This isn't exactly a shocker. The new Undead models lean more toward the VC end of the spectrum, if not, totally in between. There isn't really room for the Egypt motif if they're headed in that direction.


----------



## Mossy Toes (Jun 8, 2009)

Whew, looks like I got my Maulerfiend/Necrosphinx kitbash in under the wire.


----------



## Battman (Nov 2, 2012)

This is certainly very interesting, not sure why they might reduce their product line like this, but i suppose expensive casts taking up shelve space concerns them more if they aren't being used. 

Personally its sad to see models go, but in the end i don't play fantasy and don't have any commitment to these models.


----------



## Serpion5 (Mar 19, 2010)

Not so imperishable now huh, Settra?


----------



## Asamodai (Oct 19, 2008)

This is all based on the assumption that there won't be anything to replace certain Tomb King-esque elements in the Death armies.

Truth is though you can't Copyright an army that's clearly got one foot in real world history. Expect Bretonnia to go next.


----------



## Serpion5 (Mar 19, 2010)

Brettonia is going next. My local gw manager has already told us.


----------



## neferhet (Oct 24, 2012)

well, i always hated bretonnia. however, i will miss them and tomb kings, their art was exceptional and the painting very rewarding (i had some commissioned bretonnian models back at the time. funny as hell to paint!). the new AoS cartoonish look is just too "fantasy" for me. stupid gw.


----------



## MidnightSun (Feb 10, 2009)

Wait, why are you guys talking about Bretonnia as if it wasn't squatted many years ago?

Have you been talking to that one guy who remembers playing them one time again?


----------



## Tyriks (Dec 9, 2015)

I'm not into AoS so I might be totally off base here, but wasn't the entire world destroyed and a new one built? How would there be a Bretonnia anyway?


----------



## Words_of_Truth (Sep 20, 2007)

I knew it, I even took back some recently purchased Tomb King stuff when I heard the rumour, this just adds further fuel to the fire. You know I was actually considering buying some of the new slayers, but AoS is dead to me now. I think I may try sell all my warhammer stuff.


----------



## Asamodai (Oct 19, 2008)

MidnightSun said:


> Wait, why are you guys talking about Bretonnia as if it wasn't squatted many years ago?
> 
> Have you been talking to that one guy who remembers playing them one time again?

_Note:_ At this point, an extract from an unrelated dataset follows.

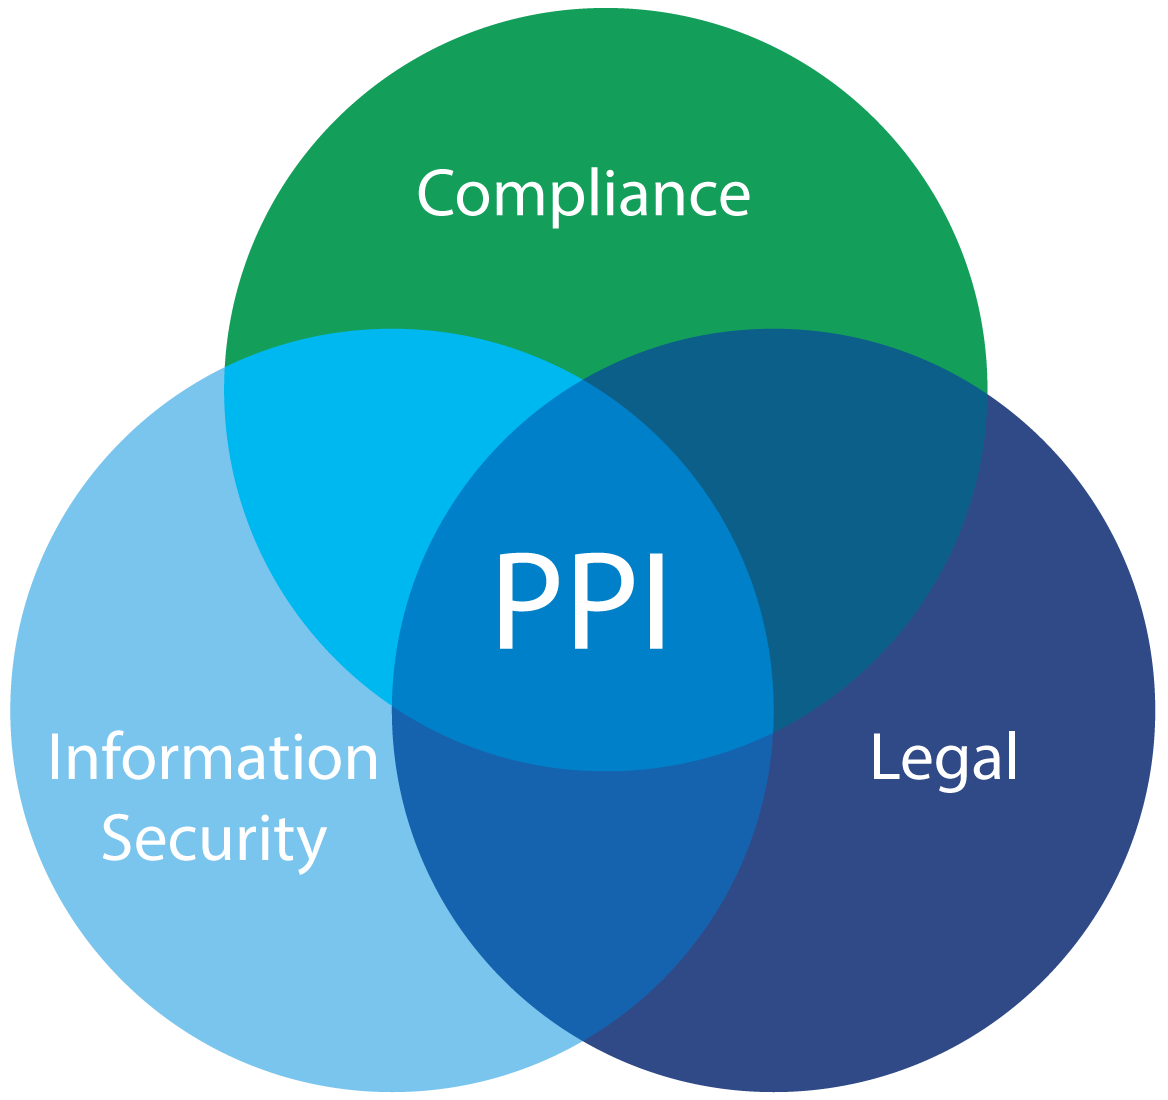 Ppi venn diagram masterword services name ccuart Gallery

But their models have still been available to buy despite not having an update in however long.



Tyriks said:


> I'm not into AoS so I might be totally off base here, but wasn't the entire world destroyed and a new one built? How would there be a Bretonnia anyway?


There isn't. Part of AoS though was that you could still use all your old models (which you can) and up until now most of the old range have still been available. 



Words_of_Truth said:


> I knew it, I even took back some recently purchased Tomb King stuff when I heard the rumour, this just adds further fuel to the fire. You know I was actually considering buying some of the new slayers, but AoS is dead to me now. I think I may try sell all my warhammer stuff.


This sounds like a rational and measured response.


----------



## Serpion5 (Mar 19, 2010)

So, I'm in possession of a small TK force, have their army book and the 8th ed Warhammer Rules. There is nothing to stop me from using them among my local gaming circle. Literally the only restriction on this is that I can't play the out of date rules at a gw store. I am contemplating snagging a few more while Cheef still has a few boxes in stock. 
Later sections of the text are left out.